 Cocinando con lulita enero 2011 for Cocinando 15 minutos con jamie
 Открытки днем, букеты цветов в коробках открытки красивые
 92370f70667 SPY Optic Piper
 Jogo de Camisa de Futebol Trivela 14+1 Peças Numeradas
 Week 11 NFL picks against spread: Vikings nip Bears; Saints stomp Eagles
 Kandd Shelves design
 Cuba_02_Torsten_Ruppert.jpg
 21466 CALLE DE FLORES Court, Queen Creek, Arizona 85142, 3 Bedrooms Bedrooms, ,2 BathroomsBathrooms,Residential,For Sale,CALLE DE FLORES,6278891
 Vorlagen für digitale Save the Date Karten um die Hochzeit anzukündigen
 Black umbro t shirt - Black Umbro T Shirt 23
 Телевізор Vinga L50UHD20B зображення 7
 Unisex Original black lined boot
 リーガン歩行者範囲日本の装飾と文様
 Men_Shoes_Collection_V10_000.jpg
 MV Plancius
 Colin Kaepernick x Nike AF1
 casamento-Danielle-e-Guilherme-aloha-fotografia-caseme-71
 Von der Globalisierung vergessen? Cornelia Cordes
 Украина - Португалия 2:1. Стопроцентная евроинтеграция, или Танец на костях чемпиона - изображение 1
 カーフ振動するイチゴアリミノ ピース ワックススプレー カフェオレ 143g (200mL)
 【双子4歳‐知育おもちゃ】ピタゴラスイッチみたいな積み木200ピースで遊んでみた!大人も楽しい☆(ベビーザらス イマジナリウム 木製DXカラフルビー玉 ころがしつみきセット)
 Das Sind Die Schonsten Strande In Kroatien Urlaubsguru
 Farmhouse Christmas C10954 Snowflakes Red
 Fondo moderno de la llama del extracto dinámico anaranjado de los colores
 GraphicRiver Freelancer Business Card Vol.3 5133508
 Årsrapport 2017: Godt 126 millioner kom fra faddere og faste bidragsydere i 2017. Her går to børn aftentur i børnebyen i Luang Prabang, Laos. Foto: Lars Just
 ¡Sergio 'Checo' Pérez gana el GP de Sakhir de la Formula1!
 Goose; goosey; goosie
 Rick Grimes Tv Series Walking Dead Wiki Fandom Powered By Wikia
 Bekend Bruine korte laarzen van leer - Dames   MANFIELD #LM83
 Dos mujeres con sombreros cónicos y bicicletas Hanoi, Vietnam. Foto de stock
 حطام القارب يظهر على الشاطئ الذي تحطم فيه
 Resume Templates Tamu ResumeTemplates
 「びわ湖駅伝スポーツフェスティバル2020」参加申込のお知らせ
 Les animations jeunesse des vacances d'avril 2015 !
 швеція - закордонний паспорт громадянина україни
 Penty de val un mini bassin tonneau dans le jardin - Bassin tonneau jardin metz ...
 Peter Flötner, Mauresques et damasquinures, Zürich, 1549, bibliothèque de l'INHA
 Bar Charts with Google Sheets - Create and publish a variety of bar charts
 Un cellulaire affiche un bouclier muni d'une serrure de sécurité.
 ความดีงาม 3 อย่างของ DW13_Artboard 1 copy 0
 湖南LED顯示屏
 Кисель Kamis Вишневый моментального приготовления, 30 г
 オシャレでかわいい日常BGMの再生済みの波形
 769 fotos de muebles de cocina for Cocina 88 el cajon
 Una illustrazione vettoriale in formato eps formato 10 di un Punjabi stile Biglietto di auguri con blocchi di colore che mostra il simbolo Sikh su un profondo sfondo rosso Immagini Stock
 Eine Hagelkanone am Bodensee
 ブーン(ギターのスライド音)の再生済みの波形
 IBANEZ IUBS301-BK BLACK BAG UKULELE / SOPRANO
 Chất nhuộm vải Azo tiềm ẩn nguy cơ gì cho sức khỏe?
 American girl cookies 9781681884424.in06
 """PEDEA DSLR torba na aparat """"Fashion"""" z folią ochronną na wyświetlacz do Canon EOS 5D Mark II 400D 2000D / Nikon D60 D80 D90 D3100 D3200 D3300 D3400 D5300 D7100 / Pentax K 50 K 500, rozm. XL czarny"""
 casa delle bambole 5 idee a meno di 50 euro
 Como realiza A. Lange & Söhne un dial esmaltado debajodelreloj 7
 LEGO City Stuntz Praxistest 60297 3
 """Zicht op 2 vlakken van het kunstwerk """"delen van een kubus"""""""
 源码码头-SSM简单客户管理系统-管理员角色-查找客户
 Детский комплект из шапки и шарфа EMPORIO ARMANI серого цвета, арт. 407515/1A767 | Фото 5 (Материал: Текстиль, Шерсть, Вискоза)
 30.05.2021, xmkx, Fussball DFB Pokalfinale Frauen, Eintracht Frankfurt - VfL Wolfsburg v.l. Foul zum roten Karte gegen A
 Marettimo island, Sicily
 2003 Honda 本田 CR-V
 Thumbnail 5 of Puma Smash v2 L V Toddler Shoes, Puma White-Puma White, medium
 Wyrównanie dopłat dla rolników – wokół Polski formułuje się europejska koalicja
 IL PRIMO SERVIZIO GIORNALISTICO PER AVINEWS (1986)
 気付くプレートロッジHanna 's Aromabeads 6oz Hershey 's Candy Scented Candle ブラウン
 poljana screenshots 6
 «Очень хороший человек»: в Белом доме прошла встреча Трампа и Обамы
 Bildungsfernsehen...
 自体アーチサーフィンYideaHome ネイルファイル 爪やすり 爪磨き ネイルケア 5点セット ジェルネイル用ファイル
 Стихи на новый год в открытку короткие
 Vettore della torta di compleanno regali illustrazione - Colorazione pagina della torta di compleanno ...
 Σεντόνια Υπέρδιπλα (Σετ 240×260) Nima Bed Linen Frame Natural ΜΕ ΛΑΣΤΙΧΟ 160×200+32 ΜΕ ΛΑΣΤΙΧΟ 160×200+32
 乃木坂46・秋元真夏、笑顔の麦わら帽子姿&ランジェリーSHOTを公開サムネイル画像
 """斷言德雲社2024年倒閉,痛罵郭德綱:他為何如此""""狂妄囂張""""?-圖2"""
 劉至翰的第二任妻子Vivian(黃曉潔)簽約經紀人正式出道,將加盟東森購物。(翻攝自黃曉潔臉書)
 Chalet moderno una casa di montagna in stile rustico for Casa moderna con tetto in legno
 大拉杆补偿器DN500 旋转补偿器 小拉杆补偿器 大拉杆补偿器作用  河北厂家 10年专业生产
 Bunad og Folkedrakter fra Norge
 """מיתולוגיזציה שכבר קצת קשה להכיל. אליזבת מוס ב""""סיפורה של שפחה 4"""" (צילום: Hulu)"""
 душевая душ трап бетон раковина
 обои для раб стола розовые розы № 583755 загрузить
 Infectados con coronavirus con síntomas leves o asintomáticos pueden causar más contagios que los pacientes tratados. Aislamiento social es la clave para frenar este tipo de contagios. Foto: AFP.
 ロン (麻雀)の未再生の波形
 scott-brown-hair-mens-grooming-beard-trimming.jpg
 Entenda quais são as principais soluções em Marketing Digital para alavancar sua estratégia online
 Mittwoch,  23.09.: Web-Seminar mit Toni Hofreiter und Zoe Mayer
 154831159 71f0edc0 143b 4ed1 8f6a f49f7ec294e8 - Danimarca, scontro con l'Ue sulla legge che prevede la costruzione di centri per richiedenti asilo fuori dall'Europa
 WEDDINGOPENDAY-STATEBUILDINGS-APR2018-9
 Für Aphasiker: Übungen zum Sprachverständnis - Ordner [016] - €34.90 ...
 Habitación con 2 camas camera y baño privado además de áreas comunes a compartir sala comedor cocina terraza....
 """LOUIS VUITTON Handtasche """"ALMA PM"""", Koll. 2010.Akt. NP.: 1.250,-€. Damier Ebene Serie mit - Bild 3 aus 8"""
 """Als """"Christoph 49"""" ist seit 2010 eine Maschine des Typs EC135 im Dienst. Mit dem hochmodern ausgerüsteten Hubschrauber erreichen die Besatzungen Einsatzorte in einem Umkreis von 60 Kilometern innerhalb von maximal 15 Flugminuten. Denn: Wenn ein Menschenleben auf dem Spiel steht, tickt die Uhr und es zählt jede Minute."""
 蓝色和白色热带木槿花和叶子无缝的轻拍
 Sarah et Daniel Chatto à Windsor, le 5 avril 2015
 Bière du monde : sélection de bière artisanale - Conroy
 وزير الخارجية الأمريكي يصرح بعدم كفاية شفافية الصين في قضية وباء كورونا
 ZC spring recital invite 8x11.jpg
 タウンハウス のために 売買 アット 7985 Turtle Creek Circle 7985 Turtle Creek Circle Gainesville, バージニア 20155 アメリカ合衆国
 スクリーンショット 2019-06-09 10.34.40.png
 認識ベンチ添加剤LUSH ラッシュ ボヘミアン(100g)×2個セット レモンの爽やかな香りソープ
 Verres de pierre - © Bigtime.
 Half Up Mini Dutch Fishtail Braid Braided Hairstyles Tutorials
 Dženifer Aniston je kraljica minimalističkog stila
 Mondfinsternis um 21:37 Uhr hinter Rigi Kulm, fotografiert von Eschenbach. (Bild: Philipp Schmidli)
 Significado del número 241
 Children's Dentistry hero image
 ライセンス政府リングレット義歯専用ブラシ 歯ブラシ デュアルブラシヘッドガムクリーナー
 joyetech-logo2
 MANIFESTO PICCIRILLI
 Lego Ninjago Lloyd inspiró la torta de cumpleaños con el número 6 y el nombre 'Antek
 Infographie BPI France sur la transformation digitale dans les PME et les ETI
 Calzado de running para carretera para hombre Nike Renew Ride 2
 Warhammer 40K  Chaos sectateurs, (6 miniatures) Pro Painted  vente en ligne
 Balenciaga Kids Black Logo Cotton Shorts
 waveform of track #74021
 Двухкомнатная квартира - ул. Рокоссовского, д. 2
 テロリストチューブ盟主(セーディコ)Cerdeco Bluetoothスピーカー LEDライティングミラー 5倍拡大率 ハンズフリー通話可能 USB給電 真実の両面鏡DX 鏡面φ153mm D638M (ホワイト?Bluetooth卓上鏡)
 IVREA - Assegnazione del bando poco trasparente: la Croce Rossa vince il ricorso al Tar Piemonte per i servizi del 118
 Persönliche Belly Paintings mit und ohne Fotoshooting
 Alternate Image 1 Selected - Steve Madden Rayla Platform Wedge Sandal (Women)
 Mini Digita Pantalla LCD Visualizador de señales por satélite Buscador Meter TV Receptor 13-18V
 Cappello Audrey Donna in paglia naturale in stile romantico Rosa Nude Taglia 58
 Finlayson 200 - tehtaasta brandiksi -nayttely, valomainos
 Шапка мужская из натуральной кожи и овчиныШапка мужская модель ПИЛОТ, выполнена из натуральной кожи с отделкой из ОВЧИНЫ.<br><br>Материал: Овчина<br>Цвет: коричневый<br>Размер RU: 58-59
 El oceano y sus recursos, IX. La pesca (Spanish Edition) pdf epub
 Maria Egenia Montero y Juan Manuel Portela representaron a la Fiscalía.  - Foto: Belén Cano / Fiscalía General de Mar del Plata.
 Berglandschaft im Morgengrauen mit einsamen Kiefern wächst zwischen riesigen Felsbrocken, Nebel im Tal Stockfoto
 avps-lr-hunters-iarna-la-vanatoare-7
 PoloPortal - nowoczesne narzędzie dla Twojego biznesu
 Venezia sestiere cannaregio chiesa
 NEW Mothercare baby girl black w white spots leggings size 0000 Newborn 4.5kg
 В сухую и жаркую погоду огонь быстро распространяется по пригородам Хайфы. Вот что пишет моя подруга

ABOUT THIS EXERCISE: Would you show every line in the data above that contains the string "moderno"?

RESULT:
 Fondo moderno de la llama del extracto dinámico anaranjado de los colores
 Chalet moderno una casa di montagna in stile rustico for Casa moderna con tetto in legno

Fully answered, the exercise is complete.